ShardingSphere-Proxy是一个透明的数据库代理，提供了一个数据库服务器，封装了数据库二进制协议来支持异构语言。

本文主要针对ShardingSphere-JDBC 的数据分片。

依赖项：

org.apache.shardingsphere:shardingsphere-jdbc-core:5.3.2

org.apache.shardingsphere:shardingsphere-cluster-mode-core:5.3.2

org.apache.shardingsphere:shardingsphere-cluster-mode-repository-zookeeper:5.3.2

org.apache.shardingsphere:shardingsphere-cluster-mode-repository-api:5.3.2

建议使用ShardingSphere的版本是5.X版本，最好是非spring boot 的 starter版本，这样会更加灵活

配置项：

ShardingSphere-JDBC配置主要有两种方式：YAML配置和Java配置。本文选择了YAML配置方式

application.yaml

spring:
  datasource:
    username: my_user
    password: my_password
    url: jdbc:mysql://localhost:3306/reviews-db?allowPublicKeyRetrieval=true&useSSL=false
    tomcat:
      validation-query: "SELECT 1"
      test-while-idle: true
  jpa:
    properties:
      hibernate:
        dialect: org.hibernate.dialect.MySQL8Dialect
    open-in-view: false
    hibernate:
      ddl-auto: none

我们指定用于数据源的驱动程序将是ShardingSphereDriver并且url应该根据此文件选择sharding.yaml

dataSources:
  master:
    dataSourceClassName: com.zaxxer.hikari.HikariDataSource
    driverClassName: com.mysql.jdbc.Driver
    jdbcUrl: jdbc:mysql://localhost:3306/reviews-db?allowPublicKeyRetrieval=true&useSSL=false
    username: my_user
    password: my_password
    connectionTimeoutMilliseconds: 30000
    idleTimeoutMilliseconds: 60000
    maxLifetimeMilliseconds: 1800000
    maxPoolSize: 65
    minPoolSize: 1

mode:
  type: Standalone
  repository:
    type: JDBC

rules:
  - !SHARDING
    tables:
      reviews:
        actualDataNodes: master.reviews_$->{0..1}
        tableStrategy:
          standard:
            shardingColumn: course_id
            shardingAlgorithmName: inline
    shardingAlgorithms:
      inline:
        type: INLINE
        props:
          algorithm-expression: reviews_$->{course_id % 2}
          allow-range-query-with-inline-sharding: true
props:
  proxy-hint-enabled: true
  sql-show: true

现在让我们分析配置中重要的属性：

dataSources.master– 这是我们主数据源的定义。
mode– 既可以是standalone with JDBCtype，也可以是cluster with Zookeepertype（推荐用于生产），用于配置信息持久化
rules– 在这里，我们可以启用各种ShardingSphere功能，例如 –!SHARDING

tables.reviews– 在这里，我们根据inline语法规则描述实际的表，这意味着我们将有两个表reviews_0并按reviews_1列分片course_id。
shardingAlgorithms– 在这里，我们通过一个 groovy 表达式来描述手动内联分片算法，该表达式告诉评论表根据列分为两个表course_id。

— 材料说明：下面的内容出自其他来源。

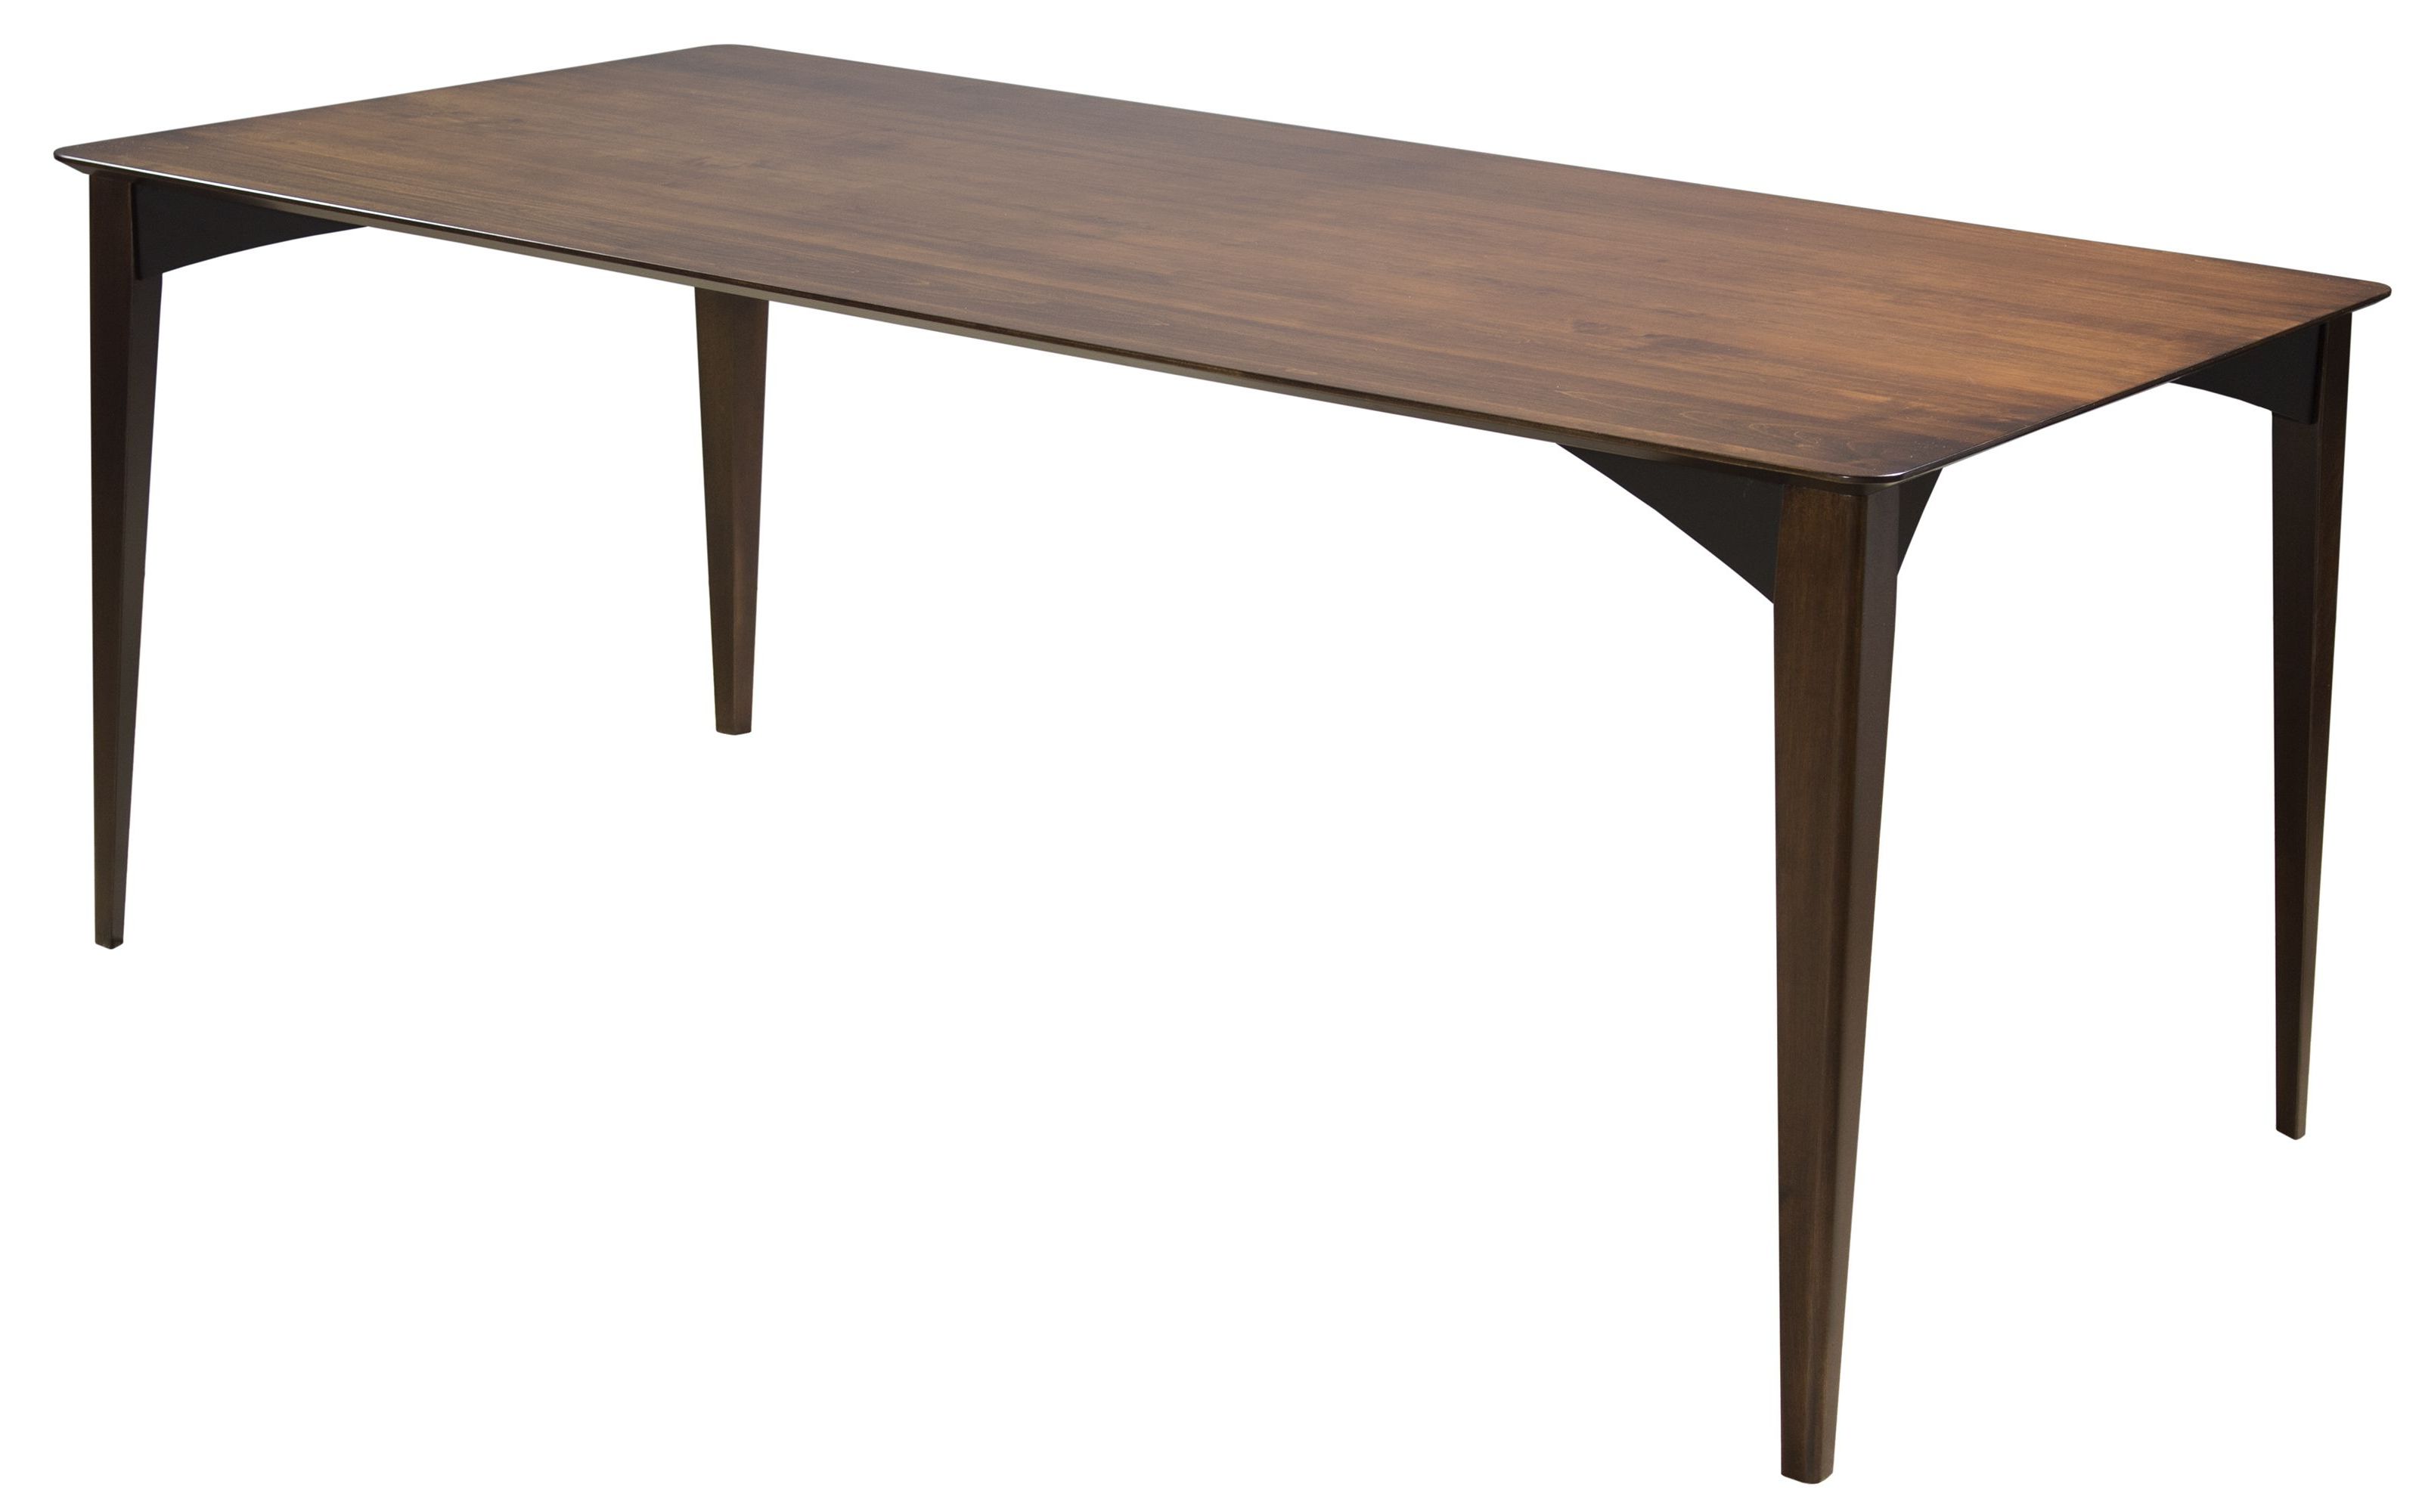 Remi Dining Table In Amaretto Finish From Saloom (View 9 of 20)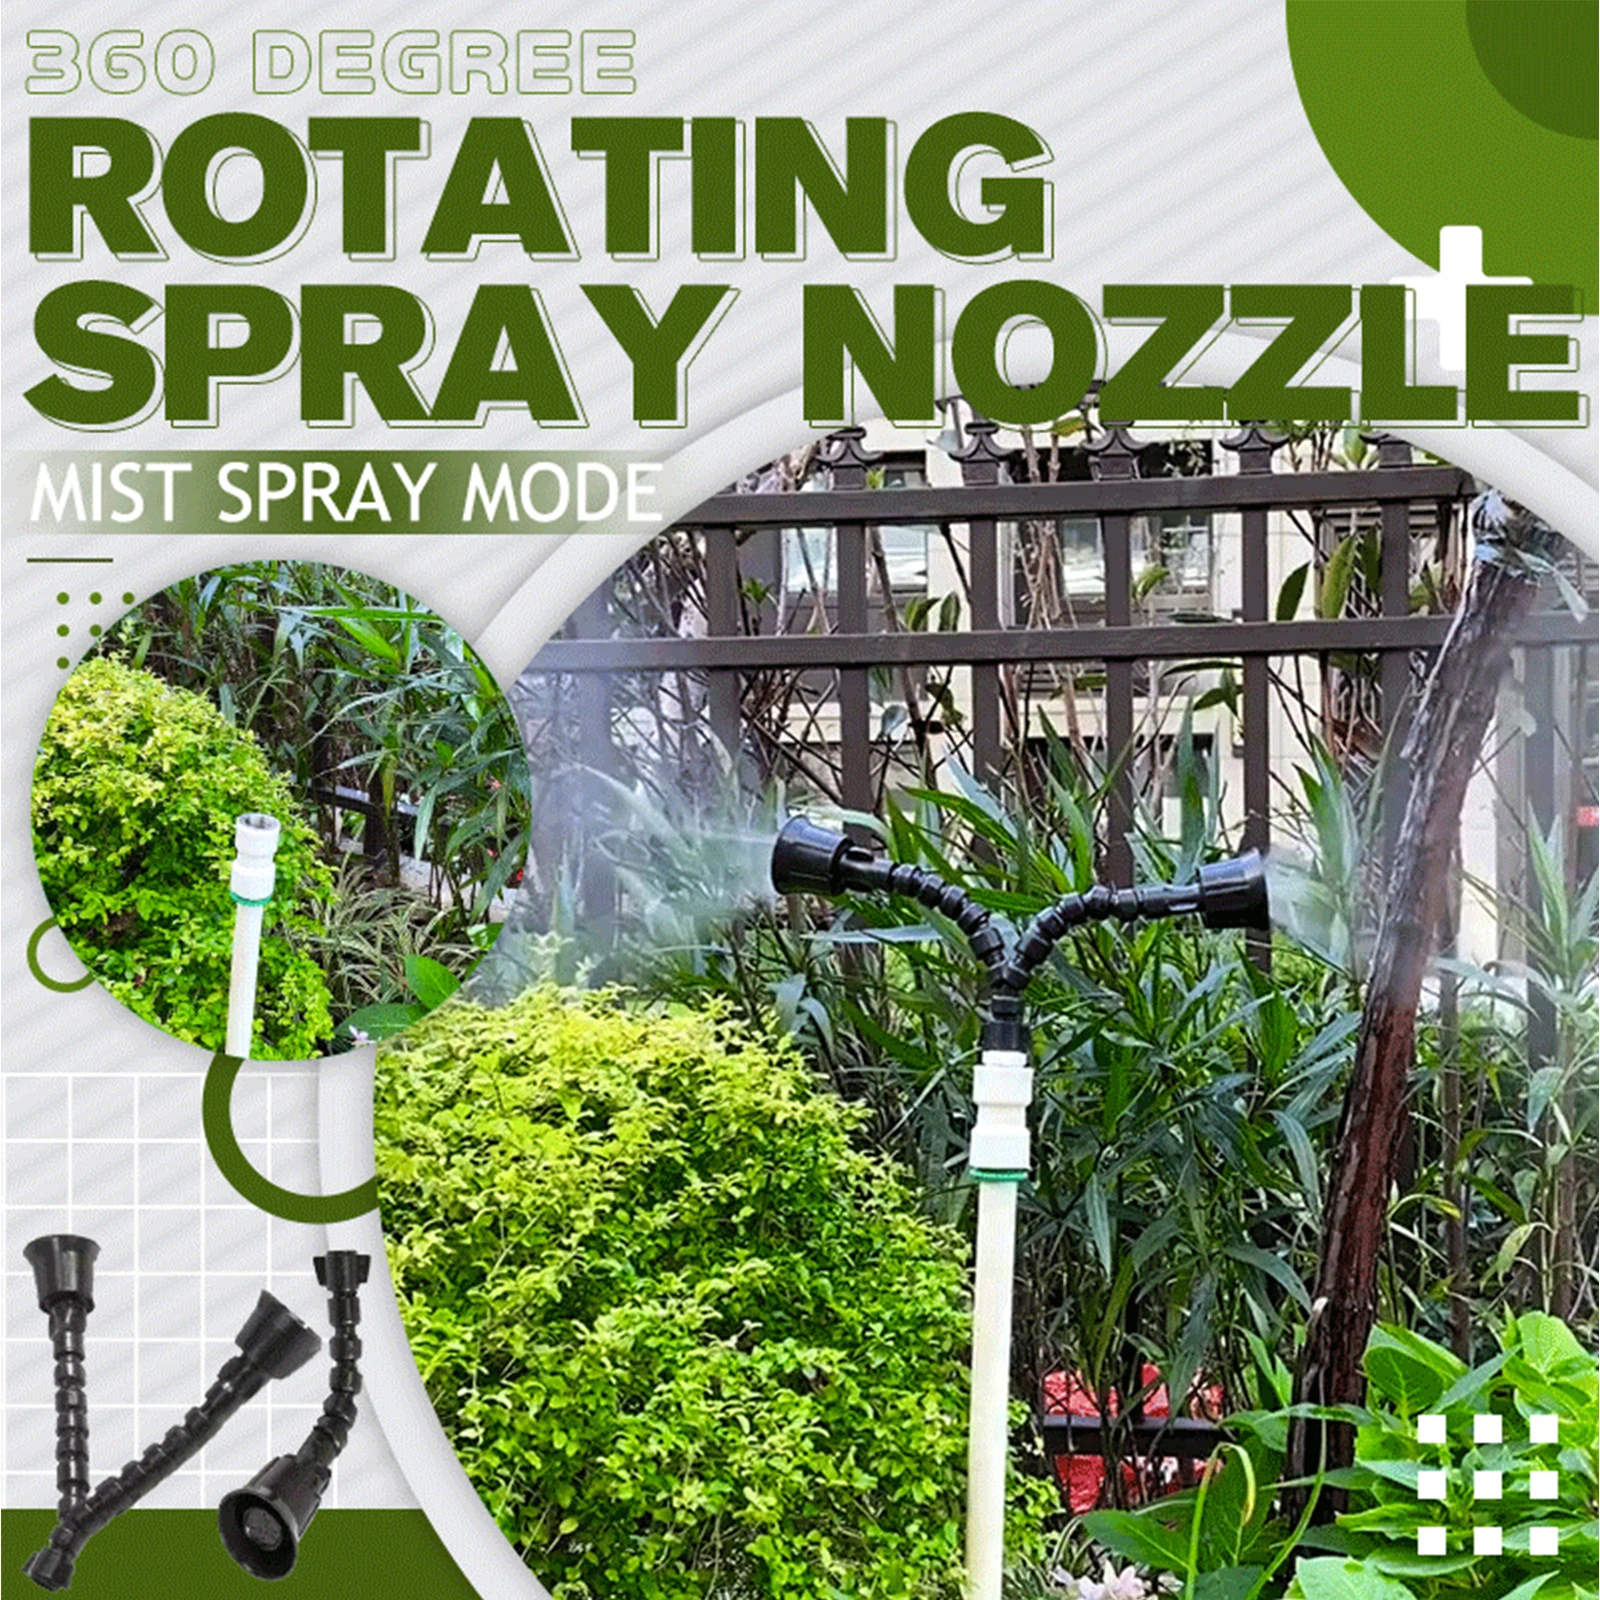 

Adjustable 360 Degree Rotating Spray Nozzle Gareden Watering Sprinkler Cooling System Reptile Humidity Mist Irrigation

props– 在这里，我们启用了拦截/格式化 sql 查询（可以禁用/注释 p6spy）。

重要提示： 在开始我们的应用程序之前，我们需要确保创建了我们定义的分片，因此我在我的数据库中创建了两个表：reviews_0和reviews_1( init.sql)。

请求调试：

现在我们准备启动我们的应用程序并执行一些请求

POST http://localhost:8070/api/v1/reviews/
Content-Type: application/json

{
  "text": "This is a great course!",
  "author": "John Doe",
  "authorTelephone": "555-1234",
  "authorEmail": "johndoe@example.com",
  "invoiceCode": "ABC123",
  "courseId": 123
}

我们可以看到如下日志：

INFO 35412 --- [nio-8070-exec-2] ShardingSphere-SQL: Actual SQL: master ::: insert into reviews_1 (created_at, last_modified_at, author, author_email, author_telephone, course_id, invoice_code, text, id) values (?, ?, ?, ?, ?, ?, ?, ?, ?) ::: [2023-04-17 15:42:01.8069745, 2023-04-17 15:42:01.8069745, John Doe, johndoe@example.com, 555-1234, 123, ABC123, This is a great course!, 4]

如果我们要使用不同的负载执行另一个请求：

INFO 35412 --- [nio-8070-exec-8] ShardingSphere-SQL: Actual SQL: master ::: insert into reviews_1 (created_at, last_modified_at, author, author_email, author_telephone, course_id, invoice_code, text, id) values (?, ?, ?, ?, ?, ?, ?, ?, ?) ::: [2023-04-17 15:43:47.3267788, 2023-04-17 15:43:47.3267788, Mike Scott, mikescott@example.com, 555-1234, 123, ABC123, This is an amazing course!, 5]

现在我们可以根据course_id

GET http://localhost:8070/api/v1/reviews/filter?courseId=123

GET http://localhost:8070/api/v1/reviews/filter?courseId=124

并在日志中观察我们两个表之间的路由是如何发生的。

INFO 35412 --- [nio-8070-exec-9] ShardingSphere-SQL: Actual SQL: master ::: select review0_.id as id1_0_, review0_.created_at as created_2_0_, review0_.last_modified_at as last_mod3_0_, review0_.author as author4_0_, review0_.author_email as author_e5_0_, review0_.author_telephone as author_t6_0_, review0_.course_id as course_i7_0_, review0_.invoice_code as invoice_8_0_, review0_.text as text9_0_ from reviews_1 review0_ where review0_.course_id=? ::: [123]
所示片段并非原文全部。